Java Concurrency in Practice Notes: Sharing Objects

(This notes is from reading Brian Goetz‘s Java Concurrency in Practice)

Chapter 3 Sharing Objects

Last chapter was about using synchronization to prevent multiple threads from accessing the same data at the same time, this chapter examines techniques for sharing and publishing objects objects so they can be safely accessed by multiple threads. Together, they lay the foundation for building thread-safe classes and safely structuring concurrent application using java.util.concurrent.

It is a common misconception that synchronized is only about atomicity of demarcating “critical sections”. Synchronization also has another significant, and subtle, aspsect: memory visibility.

We want not only to prevent one thread from modifying the state of an object when another is using it, but also to ensure that when a thread modifies the state of an object, other threads can actually see the changes that were made.

Visibility

In a single-threaded environment, if you write a value to a variable and later read that variable with no intervening writes, you can expect to get the same value back. But when reads and writes occur in different threads, this is simply not the case. Three is no guarantee that the reading thread will see a value written by another thread on a timely basis, or even at all.

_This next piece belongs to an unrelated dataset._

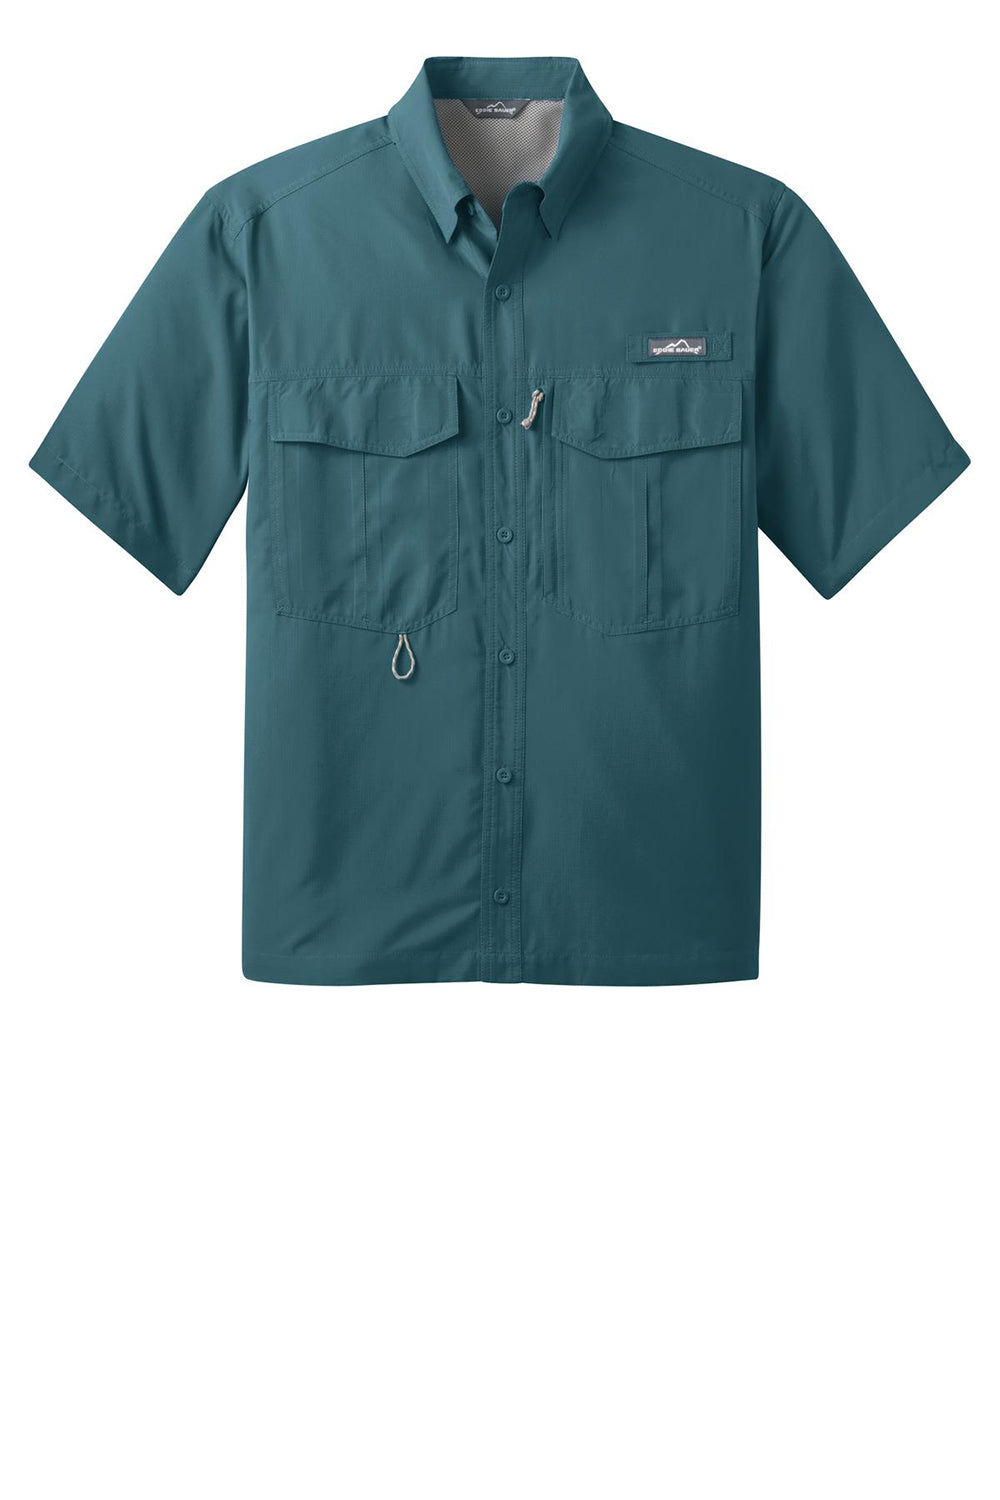 Eddie Bauer EB602 Mens Performance Fishing Moisture Wicking Short Sleeve Button Down Shirt w/ Double Pockets Gulf Teal Blue Flat Front

In order to ensure visibility of memory writes across threads, you must use synchronization.

1
2
3
4
5
6
7
8
9
10
11
12
13
14
15
16
17
18
public class NoVisibility {
private static boolean ready;
private static int number;
private static class ReaderThread extends Thread {
public void run() {
while (!ready)
Thread.yield();
System.out.println(number);
}
}
public static void main(String[] args) {
new ReaderThread().start();
number = 42;
ready = true;
}
}

The above program could loop forever because the value of ready might never become visible to the reader thread. Even more strangely, NoVisibility could print zero because the write to ready might be made visible to the reader thread before the write to number, a phenomenon known as reordering.

In the absence of synchronization, the compiler, processor, and runtime can do some downright weird things to the order in which operations appear to execute. Attempts to reason about the order in which memory actions “must” happen in insufficiently synchronized multithreaded programs will almost certainly be incorrect.

So, always use the proper synchronization whenver data is shared across threads.

Stale data

NoVisibility demonstrated one of the ways that insufficiently synchronized programs can cause surprising results: stale data. When the reader thread examines ready, it may see an out-of-date value. Unless synchronization is used every time a variable is accessed, it is possible to see a stale value for that variable.

Stale data can cause serious and confusing failures such as unexpected exceptions, corrupted data structures, inaccurate computations, and infinite loops.

1
2
3
4
5
6
7
8
9
10
11
12
@NotThreadSafe
public class MutableInteger {
private int value;
public int get() {
return value;
}
public void set(int value) {
this.value = value;
}
}

MutableInteger is not thread-safe because the value field is accessed from both get and set without synchronization. We can make MutableInteger thread safe by synchronizing the getter and setter as shown in SynchronizedInteger below:

1
2
3
4
5
6
7
8
9
10
11
12
@ThreadSafe
public class SynchronizedInteger {
@GuardedBy("this") private int value;
public synchronized int get() {
return value;
}
public synchronized void set(int value) {
this.value = value;
}
}

Note synchronizing only the setter would not be sufficient, threads calling get would still be able to see stale values.

Nonatomic 64-bit operations

For 64-bit numeric variables (double and long) that are not declared volatile, the JVM is permitted to tread a 64-bit read or write as two separate 32-bit operations.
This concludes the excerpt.